Yaşar Kemal

Kemal Sadık Gökçeli
Born 1923 (age 88–89)
Gökçedam, Osmaniye, Turkey
Occupation Novelist
Period 1943 – present
Notable work(s)

Ağıtlar ("Ballads"; debut)

İnce Memed ("Memed, My Hawk"))
Teneke ("The Drumming-Out")
Ince Memed II ("They Burn the Thistles")
Notable award(s)

Prix du Meilleur Livre Etranger
1979
Prix mondial Cino Del Duca
1982
Commandeur de la Légion d'Honneur de France
1984
Peace Prize of the German Book Trade
1997

Grand Officier de la Légion d'Honneur de France
2011

Yaşar Kemal, (born Kemal Sadık Gökçeli[1] 1923) is a Turkish writer. He is one of Turkey's leading writers.[2][3] He has long been a candidate for the Nobel Prize in Literature, on the strength of Memed, My Hawk.[4]
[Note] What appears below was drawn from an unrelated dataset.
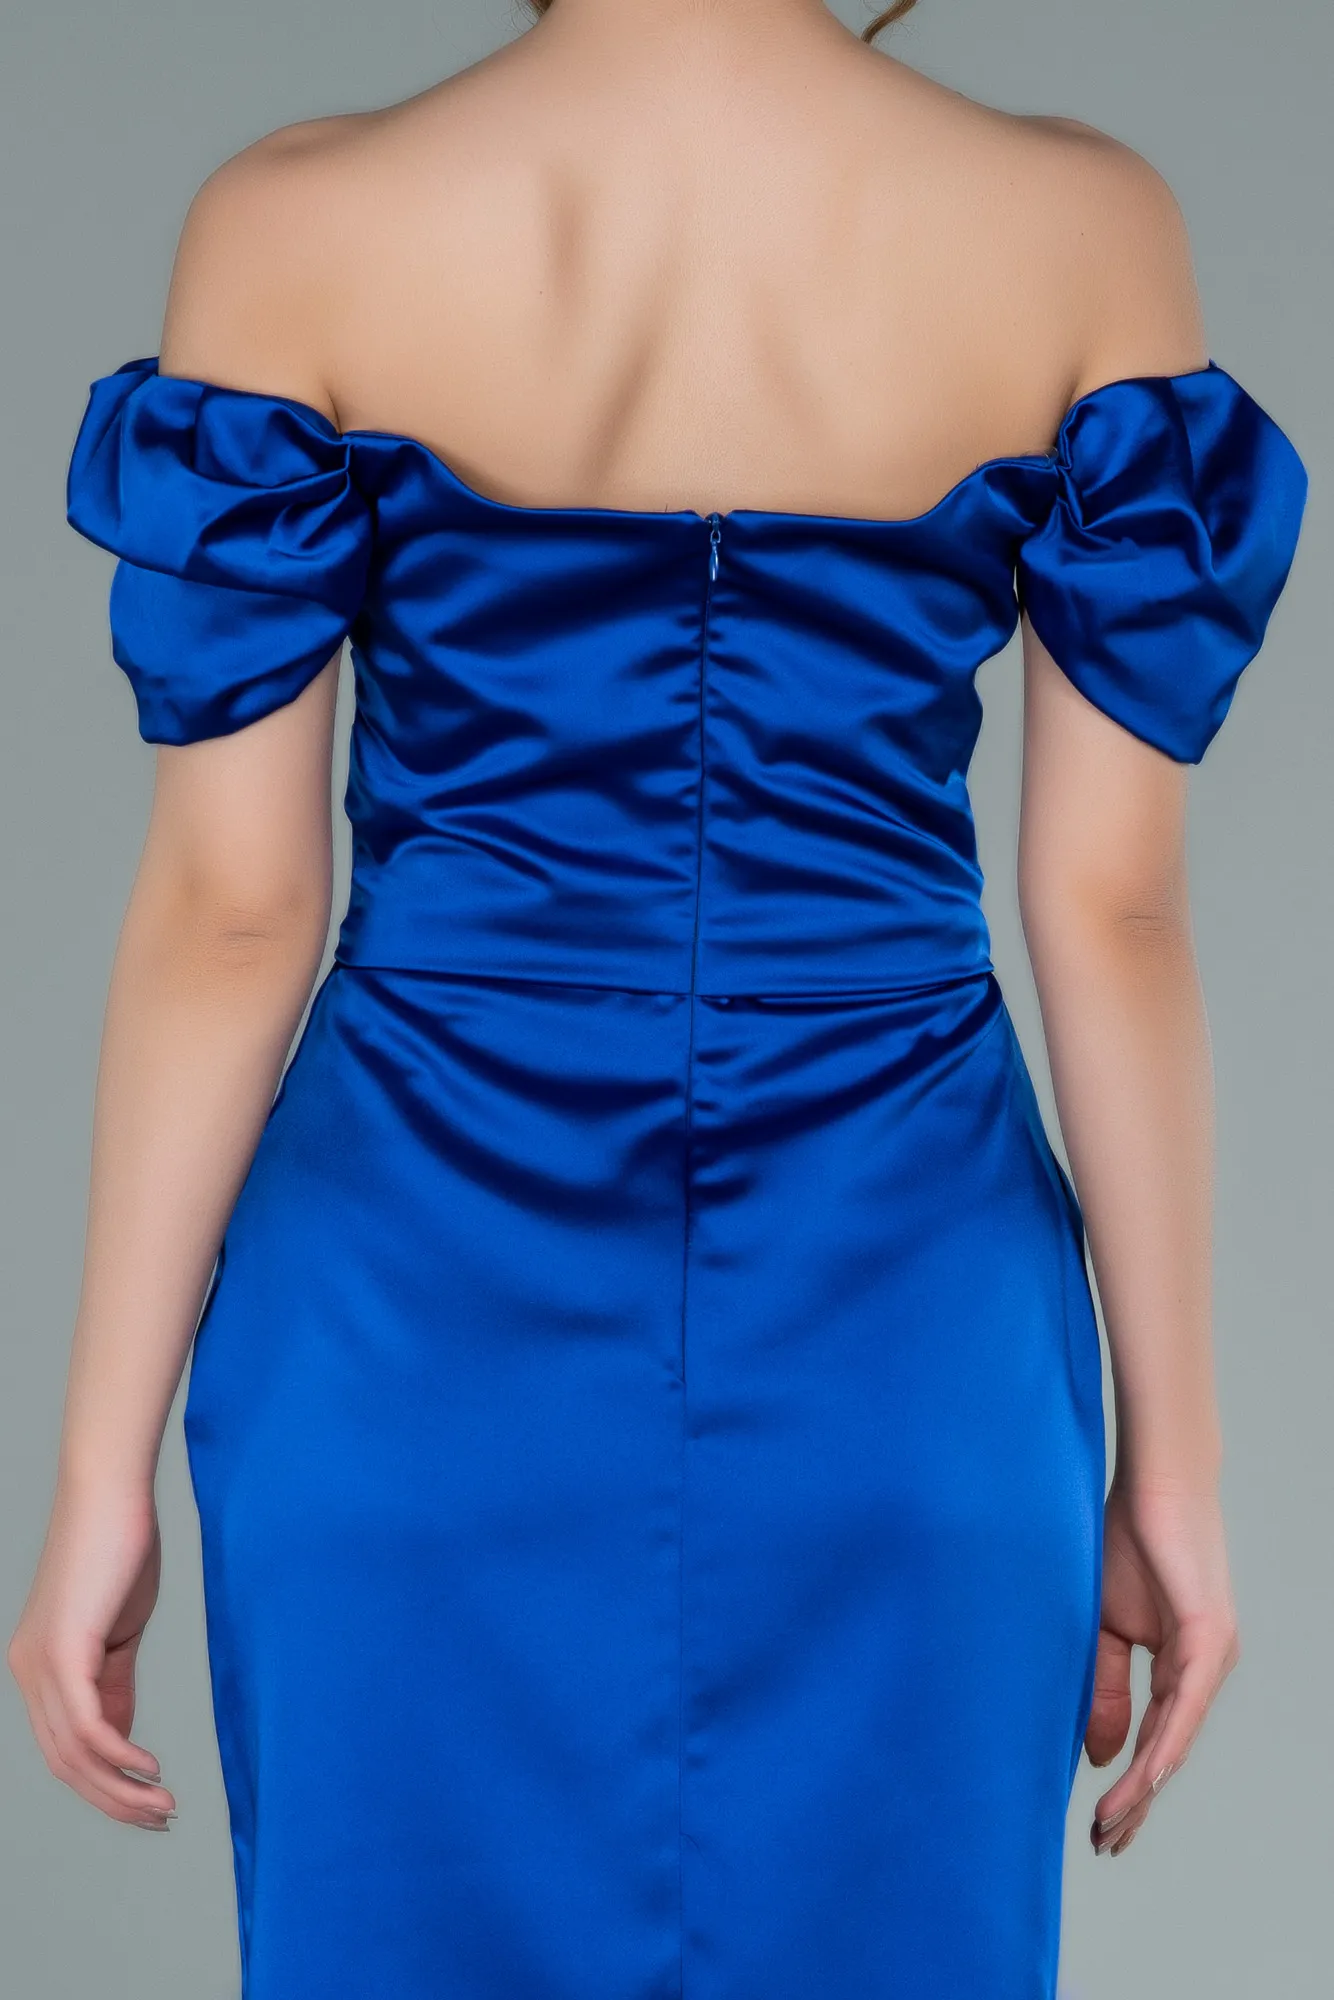 Sax Blue-Short Satin Invitation Dress ABK1394

As an outspoken intellectual, he does not hesitate to speak on sensitive issues such as the plight of the ethnic Kurds in Southeastern Turkey.[5] His activism resulted in a twenty-month suspended jail sentence, on charges of advocating separatism.[6]

Contents

Life

Turkish
literature
By category
Epic tradition

Orhon
Dede Korkut · Köroğlu

Folk tradition

Folk literature
Folklore

Ottoman era

Poetry · Prose

Republican era

Poetry · Prose

Kemal, who is of Kurdish origin, was born in Hemite (now Gökçedam), a hamlet in the province of Osmaniye in southern Turkey. His parents were from Van, who came into Çukurova during the First World War. Kemal had a difficult childhood because he lost his right eye due to a knife accident, when his father was slaughtering a sheep on Eid al-Adha, and had to witness as his father was stabbed to death by his adoptive son Yusuf while praying in a mosque when he was five years old.[1] This traumatic experience left Kemal with a speech impediment, which lasted until he was twelve years old. At nine he started school in a neighboring village and continued his formal education in Kadirli, Osmaniye Province.[1]
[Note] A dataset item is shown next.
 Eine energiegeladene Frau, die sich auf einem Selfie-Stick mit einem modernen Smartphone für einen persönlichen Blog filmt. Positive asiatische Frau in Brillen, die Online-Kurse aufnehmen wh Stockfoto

Kemal was a locally noted bard before he started school, but was unappreciated by his widowed mother until he composed an elegy on the death of one of her eight brothers, all bandits.[7] However, he forgot it and became interested in writing as a means to record his work when he questioned an itinerant peddler, who was doing his accounts. Ultimately, his village paid his way to university in Istanbul.[7]

He worked for a while for rich farmers, guarding their river water against other farmers' unauthorized irrigation. However, instead he taught the poor farmers how to steal the water undetected, by taking it at night.[7]

Later he worked as a letter-writer, then as a journalist, and finally as a novelist. He said that the Turkish police took his first two novels.[7]

When Yaşar Kemal was visiting Akdamar Island in 1951, he saw the island's Holy Cross Church being destroyed. Using his contacts to the public, he helped stop destruction of the site. However, the church remained in a neglected state until 2005, when restoration by the Turkish government began.[8]

Marriages

In 1952, Yaşar Kemal married Thilda Serrero,[9] a member of a prominent Sephardi Jewish family in Istanbul. Her grandfather, Jak Mandil Pasha, was the chief physician of the Ottoman Sultan Abdul Hamid II.[10] She translated 17 of her husband’s works into the English language.[11] Thilda died on January 17, 2001 (aged 78) from pulmonary complications at a hospital in Istanbul, and was laid to rest at Zincirlikuyu Cemetery.[11] Thilda is survived by her hushand, her son Raşit and a grandchild.[11]

Yaşar Kemal remarried on August 1, 2002 with Ayşe Semiha Baban, a lecturer for public relations at Bilgi University in Istanbul. She was educated at the American University of Beirut, Bosphorus University and Harvard University.[12]

Oeuvre

I don't write about issues, I don't write for an audience, I don't even write for myself. I just write.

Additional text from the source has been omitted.